# 100 Favorites: # 39



## JACE (Jul 18, 2014)

*Ives: String Quartets Nos. 1 & 2
Juilliard String Quartet (Sony)*










From my Ives site:

_These are exceptional [recordings], and they easily receive my highest recommendation. To my ears, no one performs the Second String Quartet with the same sense of hushed intensity and fierce confrontation as the Juilliard Quartet. In the first movement, "Discussions," the Juilliard players bring a questing quality to the music--even as the music seems to be unravelling. In this reading, there is a definite sense of barriers being broken, of alienation, and loneliness. The second movement, "Arguments," ups the ante. Here the playing is even more fierce. No other quartet is nearly as forceful and compelling as the Juilliard Quartet. The sounds are wonderfully vivid, even phantasmic, but never impersonal or bombastic. Perhaps the most impressive aspect of this recording is the third movement, "The Call of the Mountains." Again, a questing, exploratory quality comes to the fore.
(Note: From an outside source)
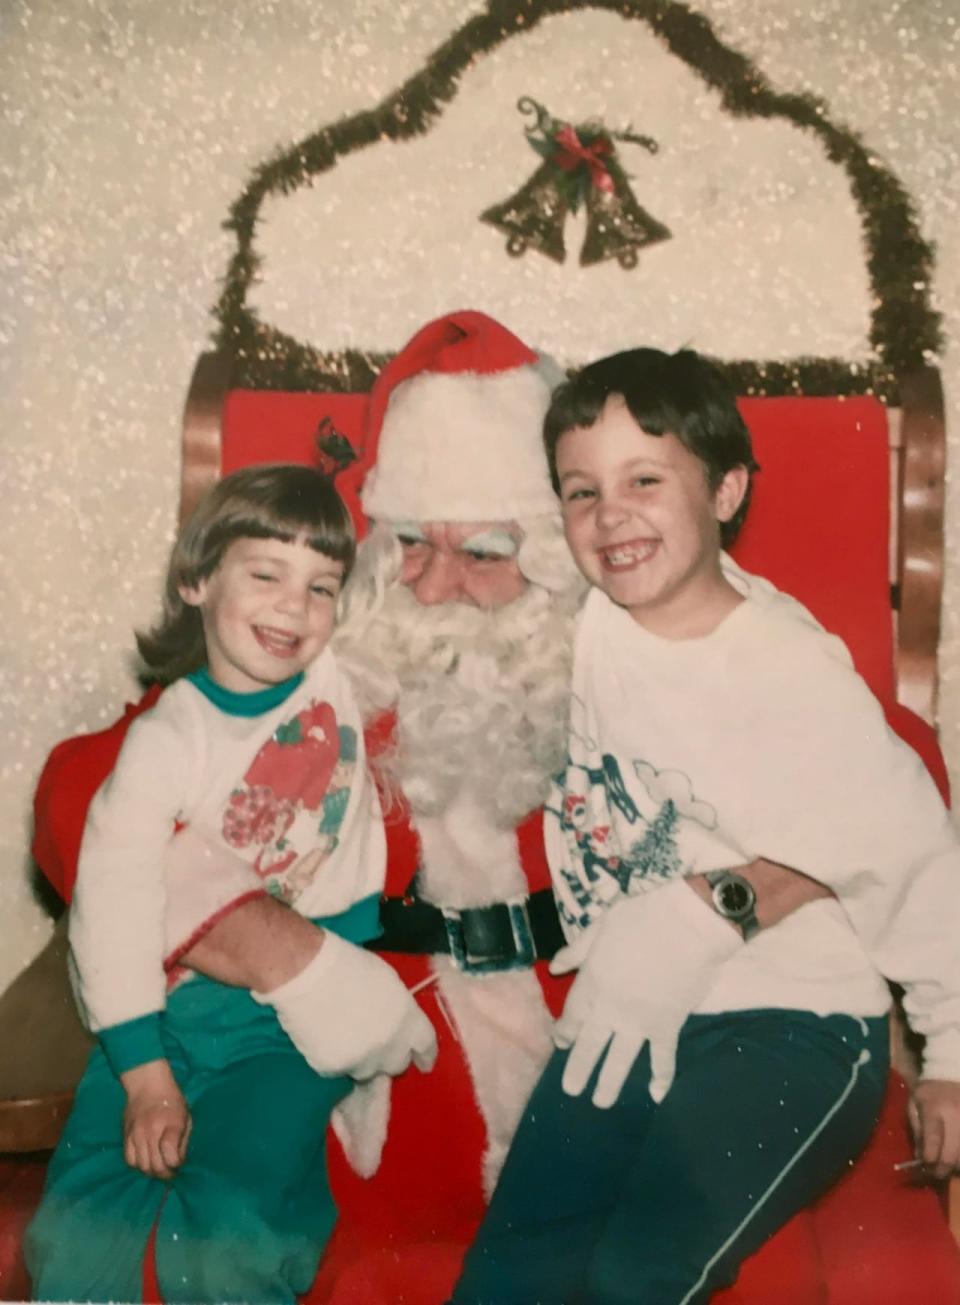 Sisters Melinda and Sonya sit on Santa's lap in the early 1980s. Mel Campbell started giving his daughters Life Savers books in their stockings when Sonya, the older daughter, was 2.

I hear Ives trying to forge some kind of connection between the old and the new; the traditional and the modern; popular and classical; the earth and the heavens, and every sort of irreconcilable. And it all builds to an incredible climax of cosmic grandeur. In other recordings, these final moments of the work--its apotheosis--seem tacked on, an afterthought. Here it seems natural, even inevitable. Extraordinary. The First String Quartet is nearly as good as the as the Second. The Juilliard String Quartet's reading may lack some of the improvisatory spontaneity of the Concord Quartet's recording (on Nonesuch, LP only), but it's certainly effective, and it's compelling on its own terms._

The Sony disc pictured above -- the version that I own -- is now out of print; however, the performance is readily available on a 2013 Newton Classics reissue.










The photograph on the CD cover might look vaguely familiar.


----------